Last weekend, the City Lights Music Festival included a circus troupe among its performers. This conversation and photo essay of their performance give a window into what goes into creating their performance.

/Trevor Ditmar

"To create, I destroyed myself... I am the living setting in which several actors make entrances, putting on several different plays.” ― Fernando Pessoa 

Having now completed its fifth year, City Lights Music Festival has well established itself as a part of Grand Rapids' culture and summer festival experience. Since 2009, the event has brought hundreds of artists and performers to the stage in Calder Plaza, and every year planners seek to reinvent the experience with new talent and new ideas. While electronic music has only taken root here in the last decade or so, it brought with it a diverse and excessively dedicated group of followers, perhaps unique in the larger music community because of their inclination towards participating in performance art themselves as part of the showgoing experience.

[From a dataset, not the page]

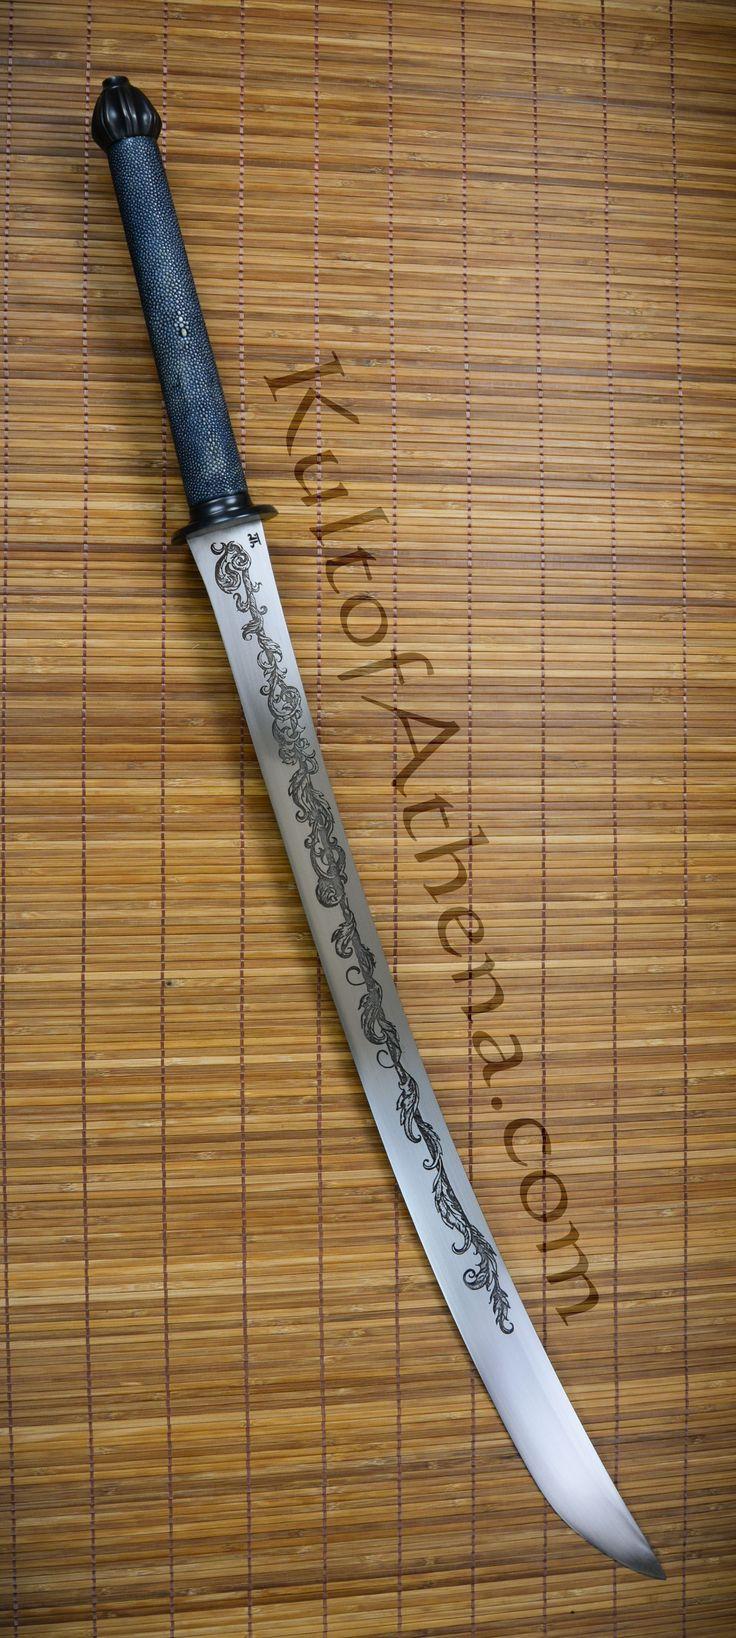 Longship Armoury - The Mandate - Custom Fantasy Dha Sword

Among these some have honed their skills to an adept level, and Daredevil Circus has become known for the variety and presence they offer. The troupe is led by Cassie Truskowski, founder of the business (and also a performer herself), who is tasked with organizing the team, planning logistics and maintaining strict timetables- all while cultivating a safe and fun environment for the audience and for performers. It'd be a poor misconception to underestimate the responsibilities of the circus troupe, as the physical training, meticulous planning and careful execution amounts to an awful lot of just plain hard work.

"It hasn't always been easy," says Truskowski. "I've learned a lot of tough lessons over the years, and made a few mistakes." She explains that these complications, while troubling, have worked to point her in new directions with the business, and helped shift her outlook on life in many positive ways.

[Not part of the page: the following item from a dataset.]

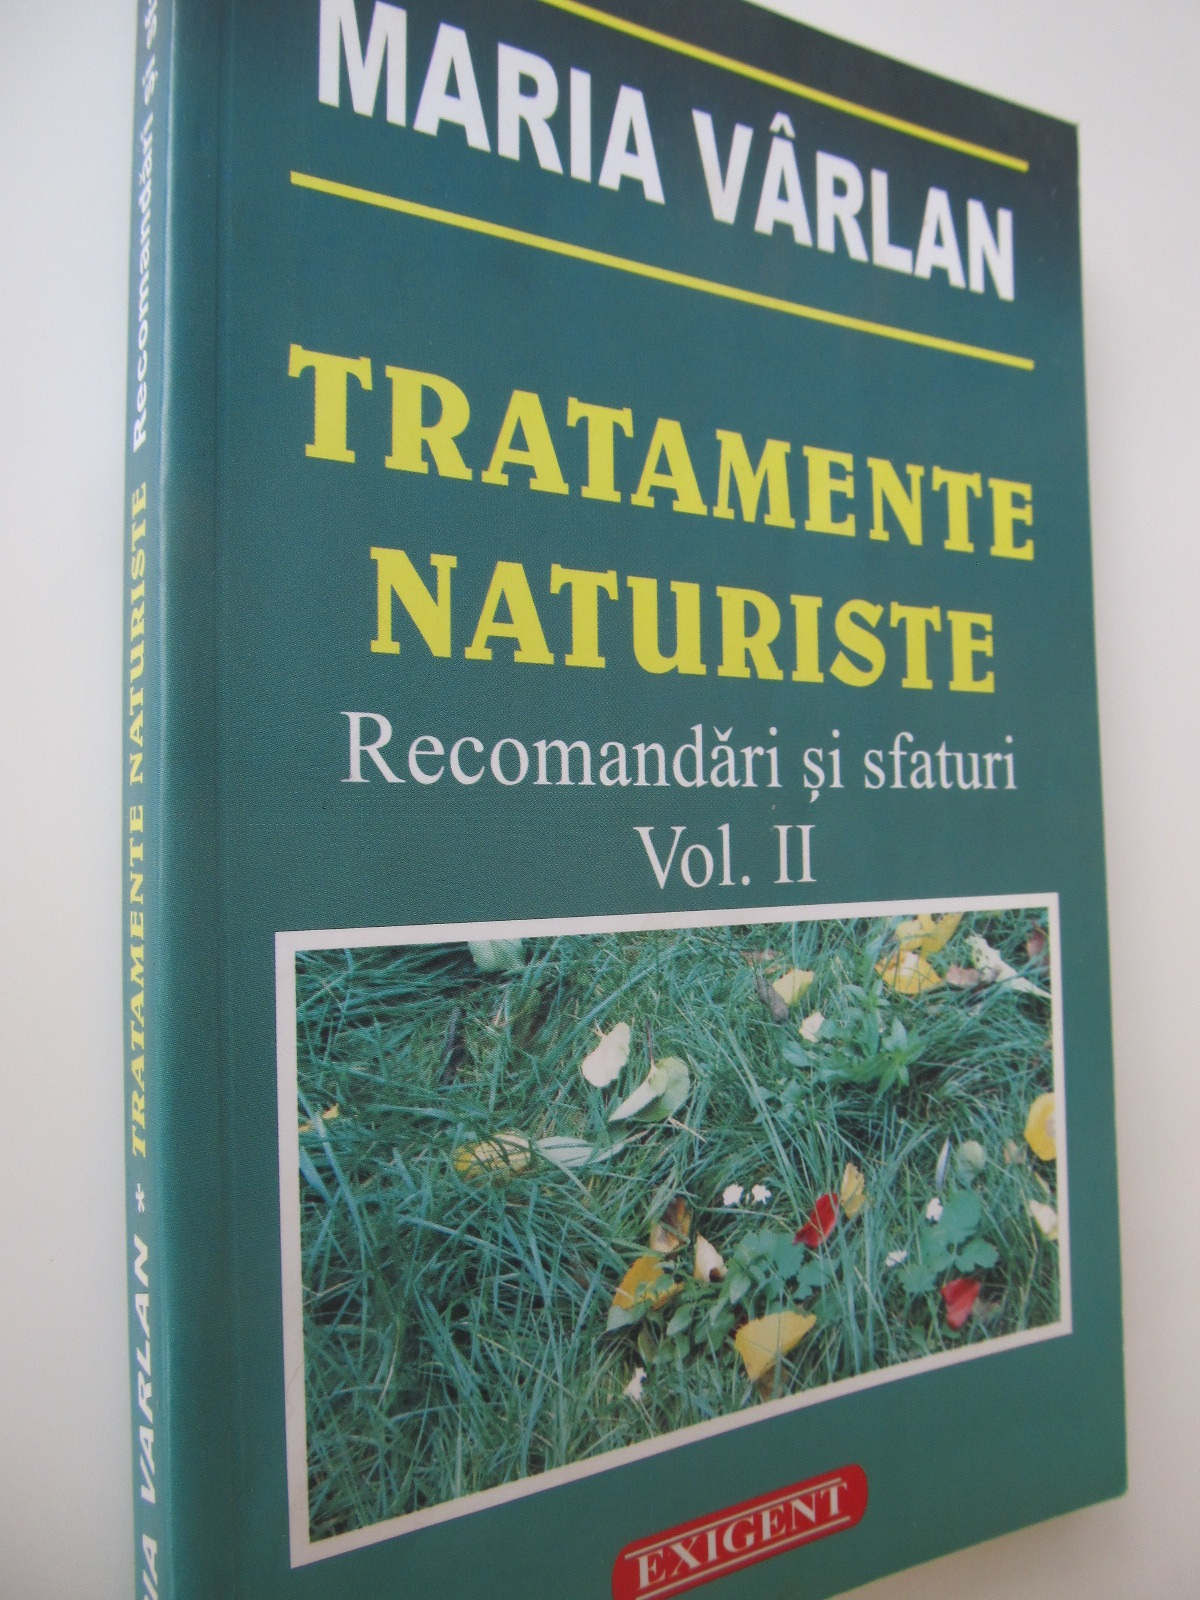 Tratamente naturiste - Recomandari si sfaturi (vol 2) - Maria Varlan | Detalii carte

"I really feel like things are moving in the right direction, and I'm happy about where things are at," she says.

Perhaps a subset these changes, Daredevil opted this year to open its doors to any takers and allowed many performers, whether amateur or professional, to take the stage with them and demonstrate their talents.

"Cooperation is what's always made this festival great, and we wanted to give people the chance to work together and share the things they love," says Truskowski. Many of the participants had never performed for a live audience before and were very grateful for the opportunity to exhibit the skills they've spent countless hours crafting. Among those that participated were those proficient with hula hoops, poi (a tethered weight swung in shapes and patterns for visual effect), dancers and aerial artists, alongside the regular members of the troupe.

Together, they worked to facilitate a playful festival experience by interacting with the crowd directly as well as add variety and visual appeal on stage to the concert itself. In practice, this effort worked to narrow the gap between audience and artist, and represented a new level of growth and cooperation for the festival.

With each passing year, City Lights grows in size and ambition. The artists there have drawn and entertained thousands, and the occasion has added to the definition of who we are as a city. When it first began it was just an idea shared by a few people, but as that idea grew it evolved and changed, taking on forms representative of the passions, hopes and dreams of all who participated in the effort. There will always be struggles and improvements to make, but just like our city, if we work together we can change this idea into something special for all of us.

Though, I suppose that too is part of who we are. Motu Viget.